LondonLady1980 · 23/11/2025 09:26

I have two boys aged 12 and 8 and I have never had anyone make a comment to me about not having a daughter, or asking if I wished I had one.

My sister has a daughter (who is 16), and they are inseparable, they have a really lovely and close relationship. However, my oldest son is inseparable from me, he’s my little shadow and I can’t imagine that changing.

Mother-child relationships aren’t determined by sex so I don’t think it really matters what sex children you have.

I am not close to my mother, I had a very dysfunctional relationship with her all through my childhood (and during my teen years and into my adulthood), so I’m actually I’m quite relieved that trying to navigate and form a ‘normal’ mother-daughter relationship isn’t something I’ve had to face.

elliejjtiny · 23/11/2025 09:34

I have 5 boys aged 11 to 19. I still get all the stupid comments. Tbh the worst ones are the people who tell me I'm lucky because boys are so much easier/cheaper.
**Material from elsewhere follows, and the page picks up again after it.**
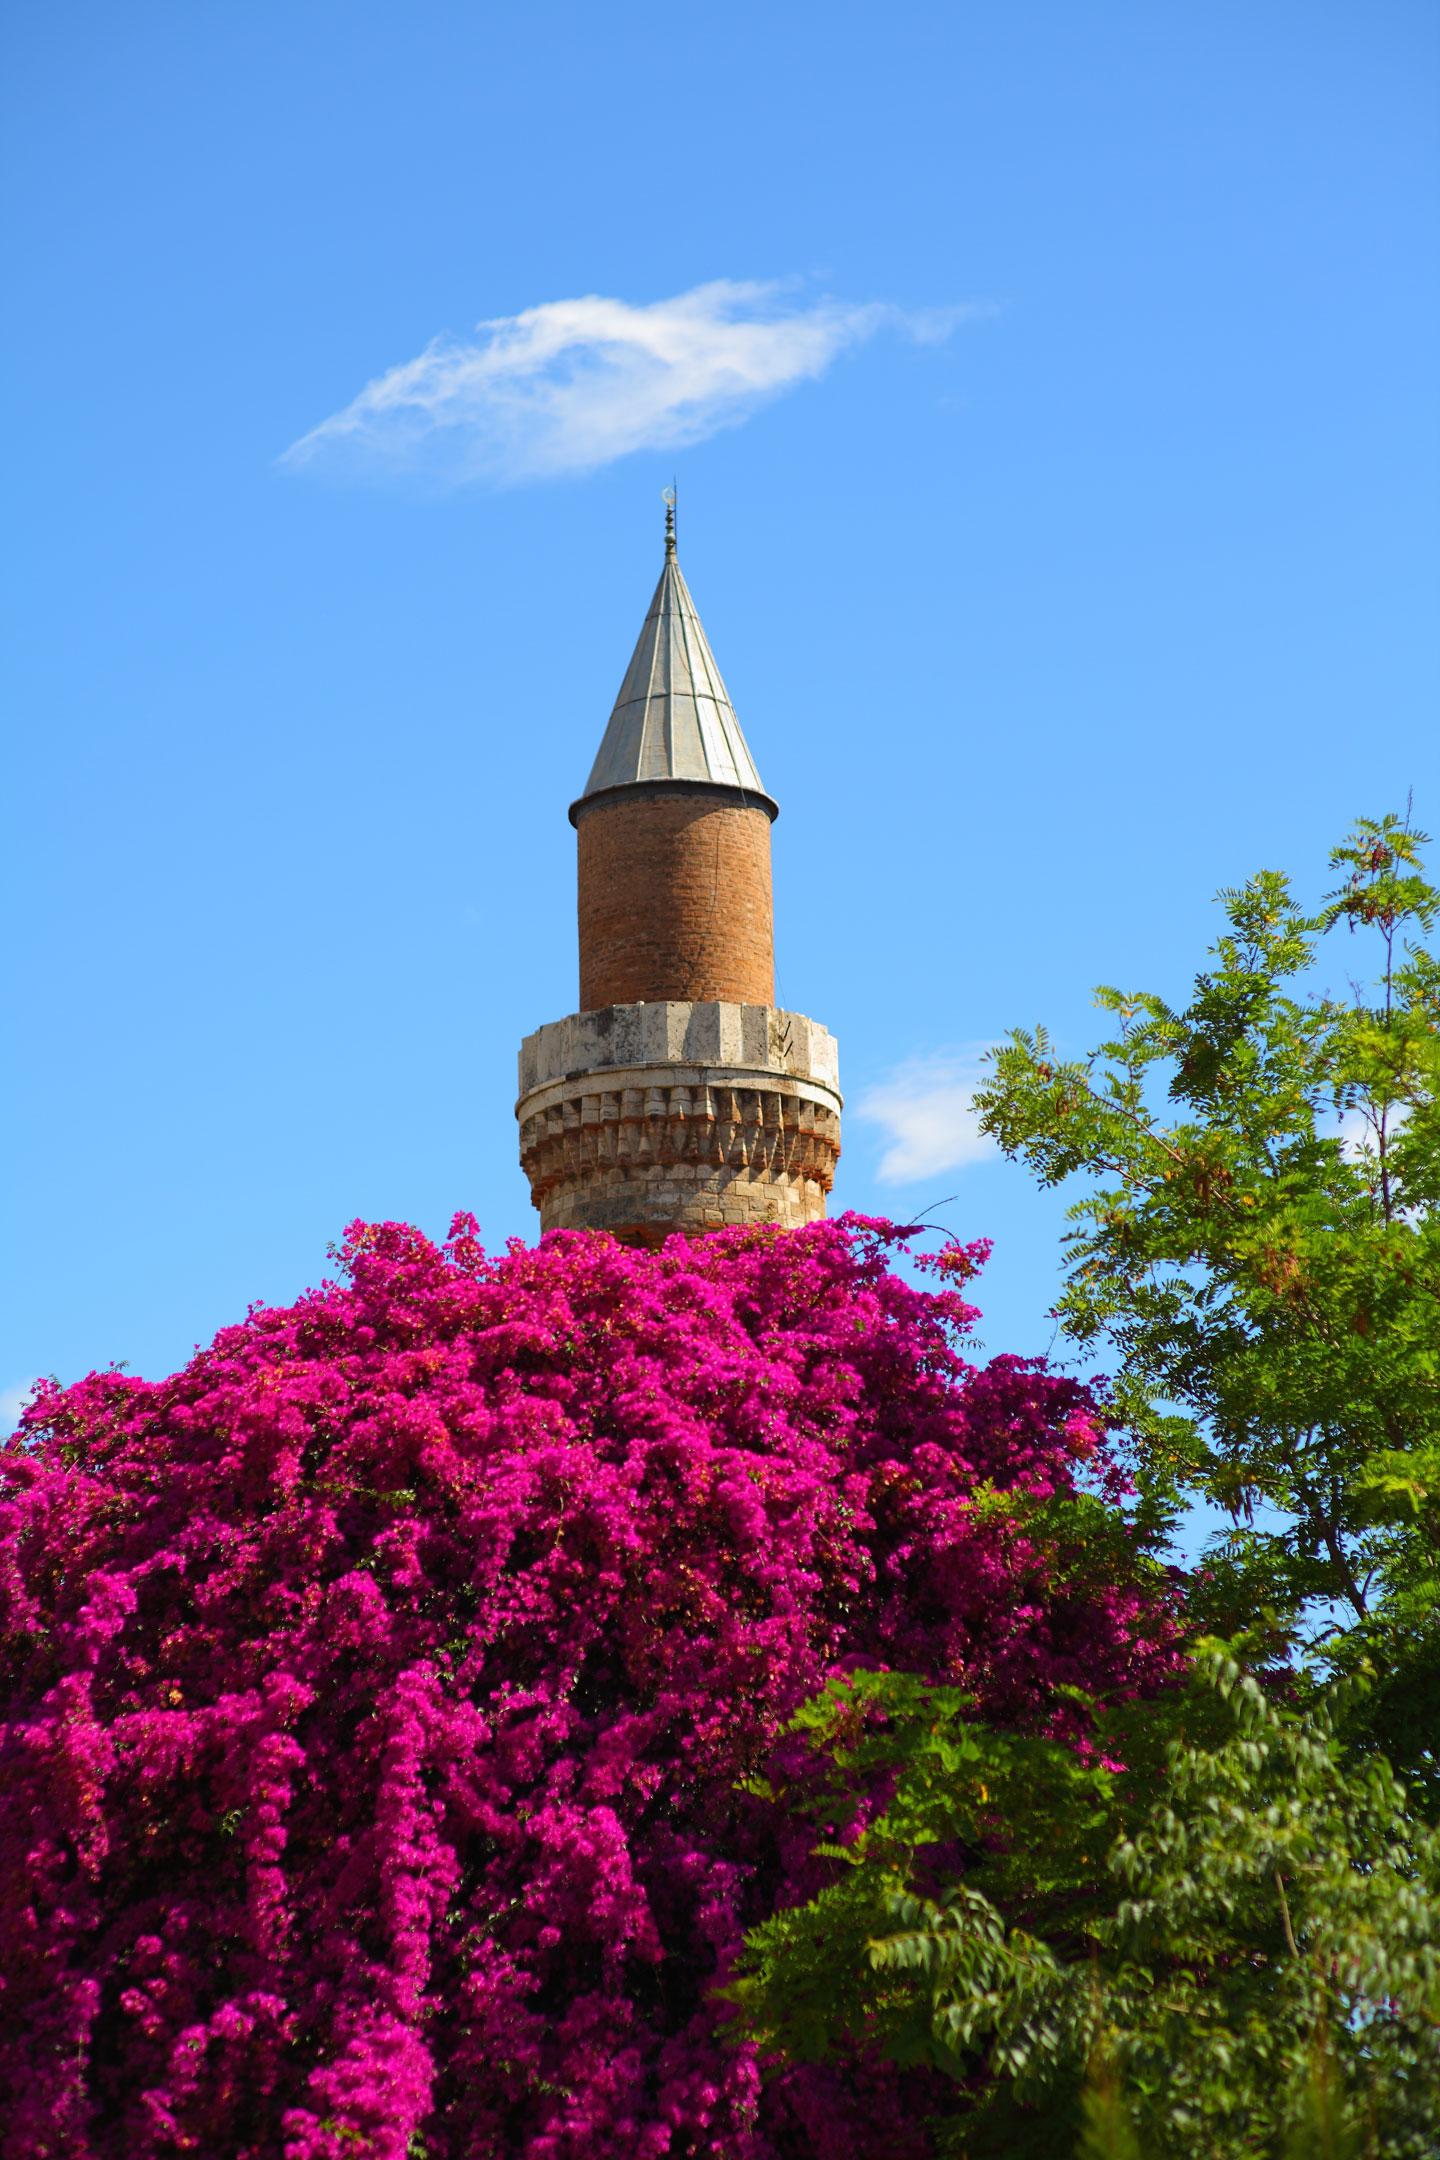 Antalya Minareto

Thisismyalterego · 23/11/2025 12:30

My mum only wanted girls and she got her wish. But, like some pps, I really only have anything to do with her out of a feeling of obligation. I am too different to her ideal daughter.
I have two sons. They are amazing. We have always been close, though not in each others pockets. They are now adults and have their own homes and families. My two dils are great, very different to each other but we all get on so well and love spending time together, in fact, at their instigation, we all spent a wonderful week away on holiday this summer and they've all said they'd like to do it again. I am also very lucky to have two beautiful dgs. Anyone who thinks boys are less loving than girls, hasn't been on the receiving end of the hugs and live we get from our family. I do think we are very lucky, but I don't think our experience is unique.
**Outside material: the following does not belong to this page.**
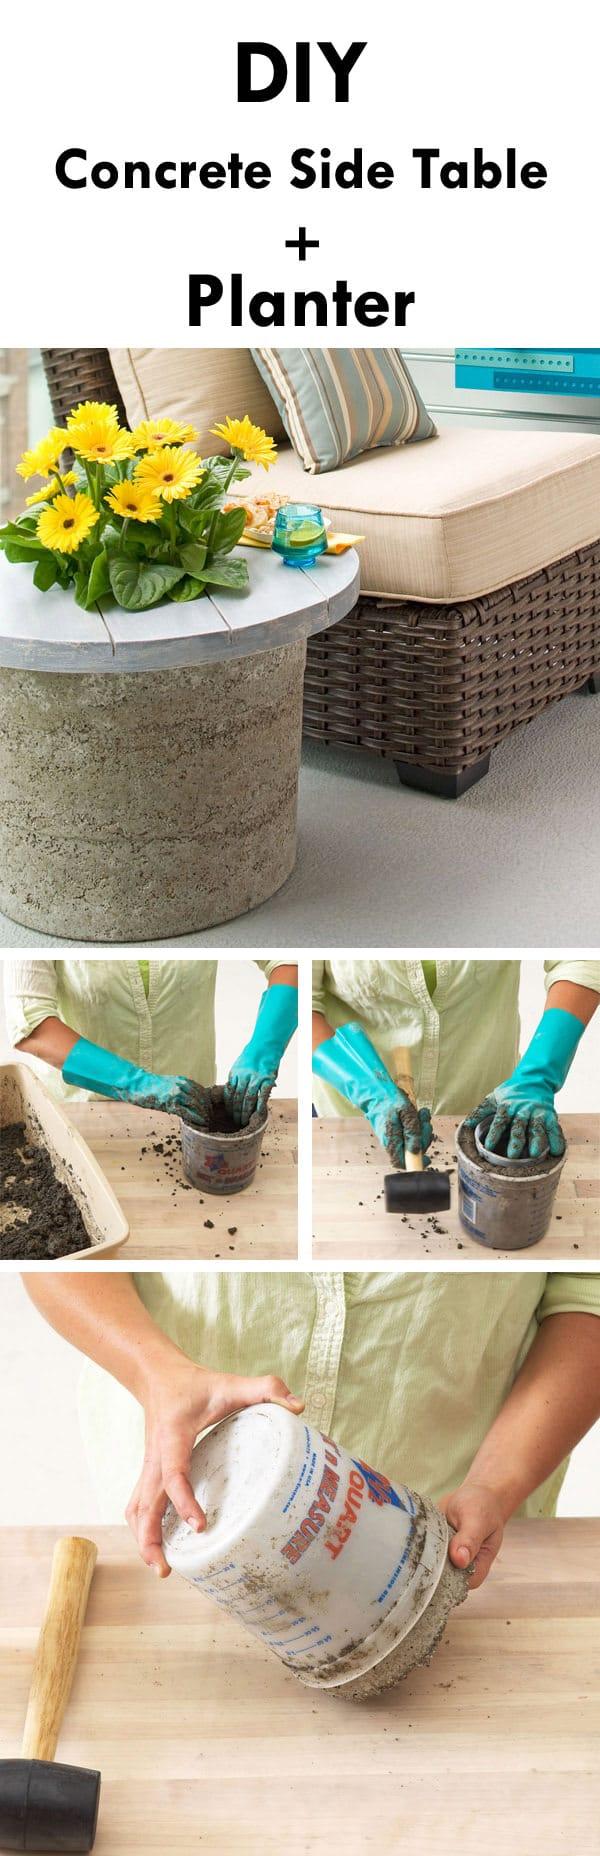 diy Concrete Side Table plus planter

pinkstripeycat · 24/11/2025 20:17

No one has ever commented on me having only boys or asked me questions or commented on me not having a girl.

herbalteabag · 24/11/2025 20:34

I have two boys. One is an adult and one is almost an adult. Eldest has moved out but he has always been very chatty and he still is, he calls me a lot and talks for ages.

DoubleYellows · 24/11/2025 20:36

pinkstripeycat · 24/11/2025 20:17

No one has ever commented on me having only boys or asked me questions or commented on me not having a girl.

It had never occurred to me that anyone would, until, when I had the 18 week scan and found I was expecting DS (whom we knew would be our only child), my two nice, apparently sane SILs both, separately, condoled with me, sort of patting my hand and ‘There, there’ ing. I was totally confused as I hadn’t had the slightest sex preference, but over time I figured out that both of them had been obsessed with ‘getting their girl’. They were a lot older so I hadn’t been on the scene when they were having their babies, but the reason one had three children and the other had four was because they’d both had boys to start with and apparently had to keep going. They thought every woman secretly felt like this and that I was in denial or being ‘terribly brave’.